I know, I know – it’s unlikely that I would fail so utterly. I mean, look at all the good things in my life already, right? But the Enemy knows how to play on the “what-ifs,” so let me look it right in the eye: I might turn out to be a failure in all that I do. What then? 

Accepting that I might fail doesn’t mean that I don’t care – not at all. But it means that I am free. 

If it is all right for me to fail, what can the Enemy hold over me? I can be forgotten, despised, and rejected, but so was Our Lord. Nothing that I feel is unknown to him; and none of my failures can separate me from him. 

If I can fail today when I am strong and working in the world, then I need have no fear of the day when I am weak – when I cannot teach, or write, or serve others, but can only be served by others.
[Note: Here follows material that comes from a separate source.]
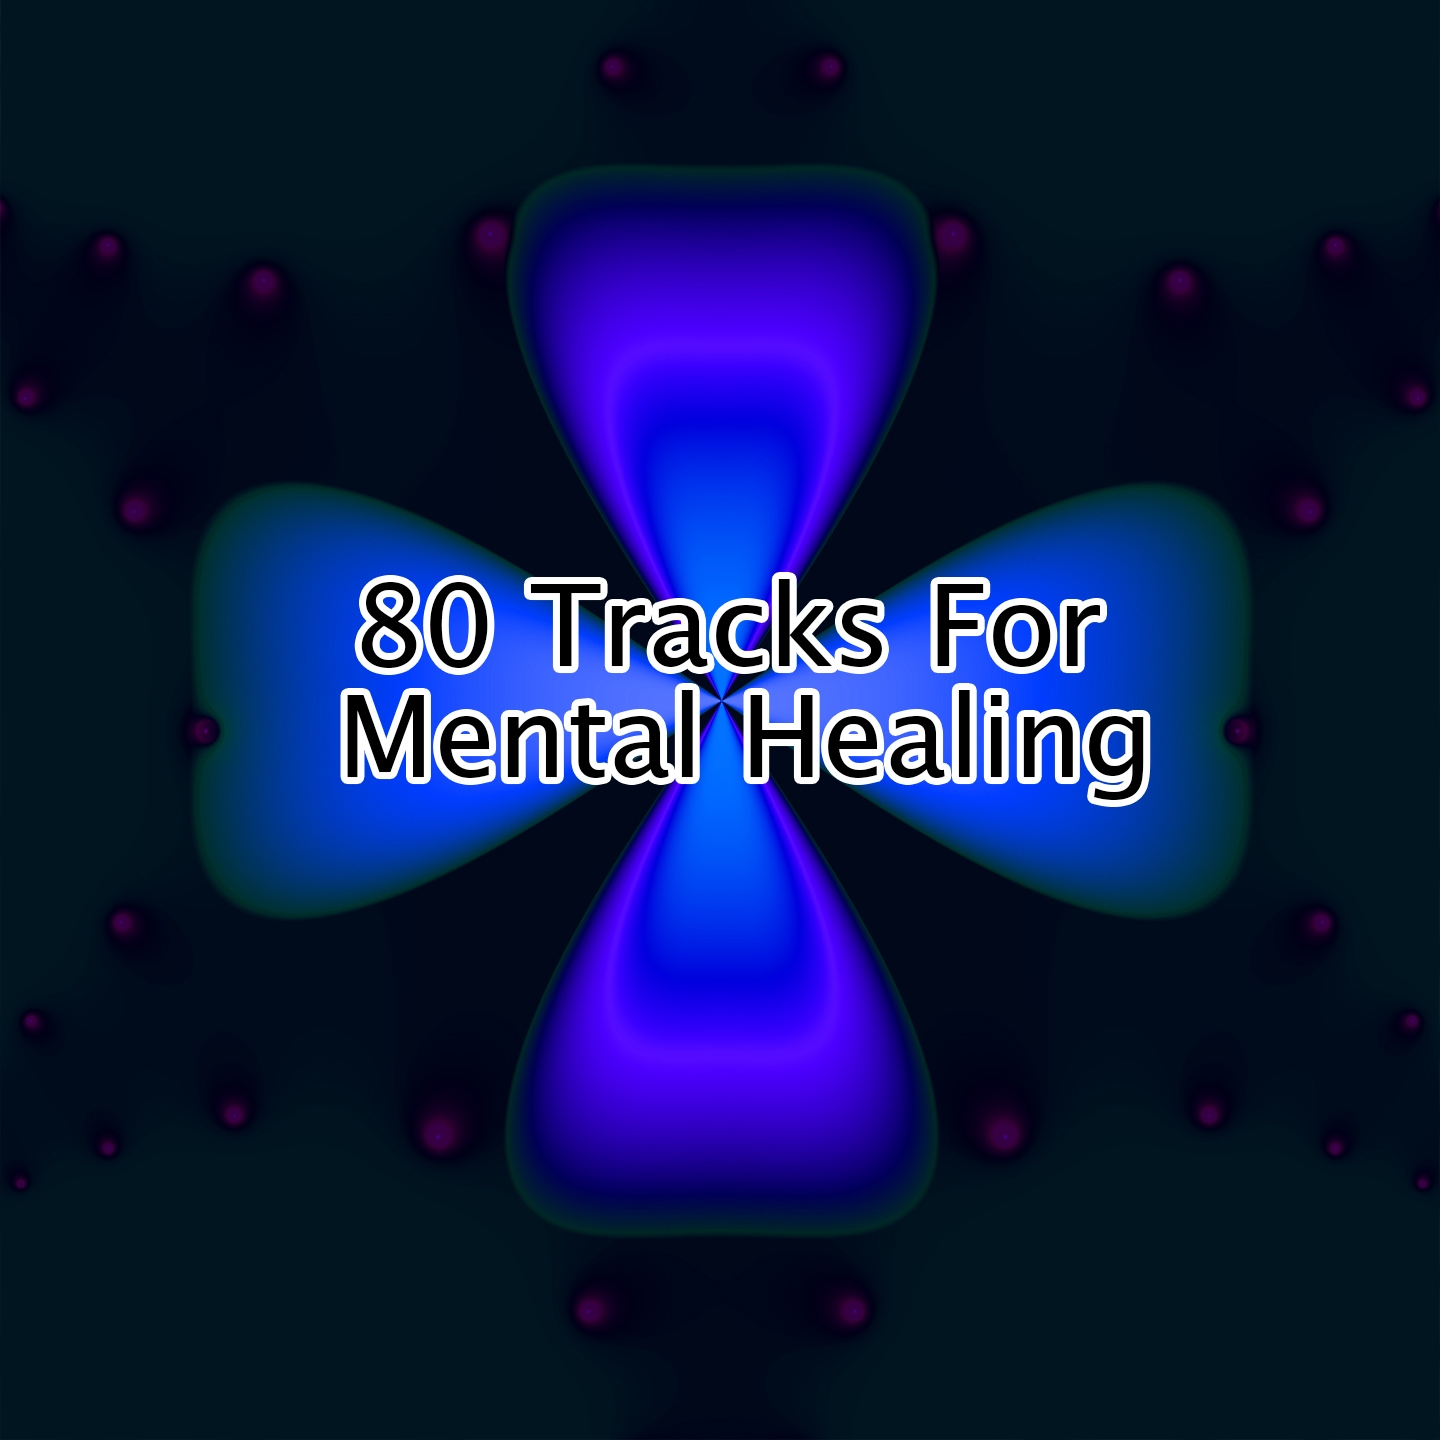 80 Tracks For Mental Healing

I will still be who I am, a beloved child of God. 

If the world’s judgment of my work does not enter into my relationship with the living God, then I am free to do the work that I am called to do, unselfconsciously. 

If I can truly rest in my identity as a child of God, then I do not need to define myself by anything else. I can give thanks for the good things that come to me, and I can rejoice when the Lord allows me to see, at least partly, the fruits of my labor. I am free to be grateful, without fear and without the need to cling to these good things in case the darkness comes again. 

For now, this moment, the shadow is gone as if it were never there. Thanks be to God! It might come back – it always has, before – but with God’s help I can look straight at it and not turn away. I think I fear it a little less today than before. May God help me to remember who I am.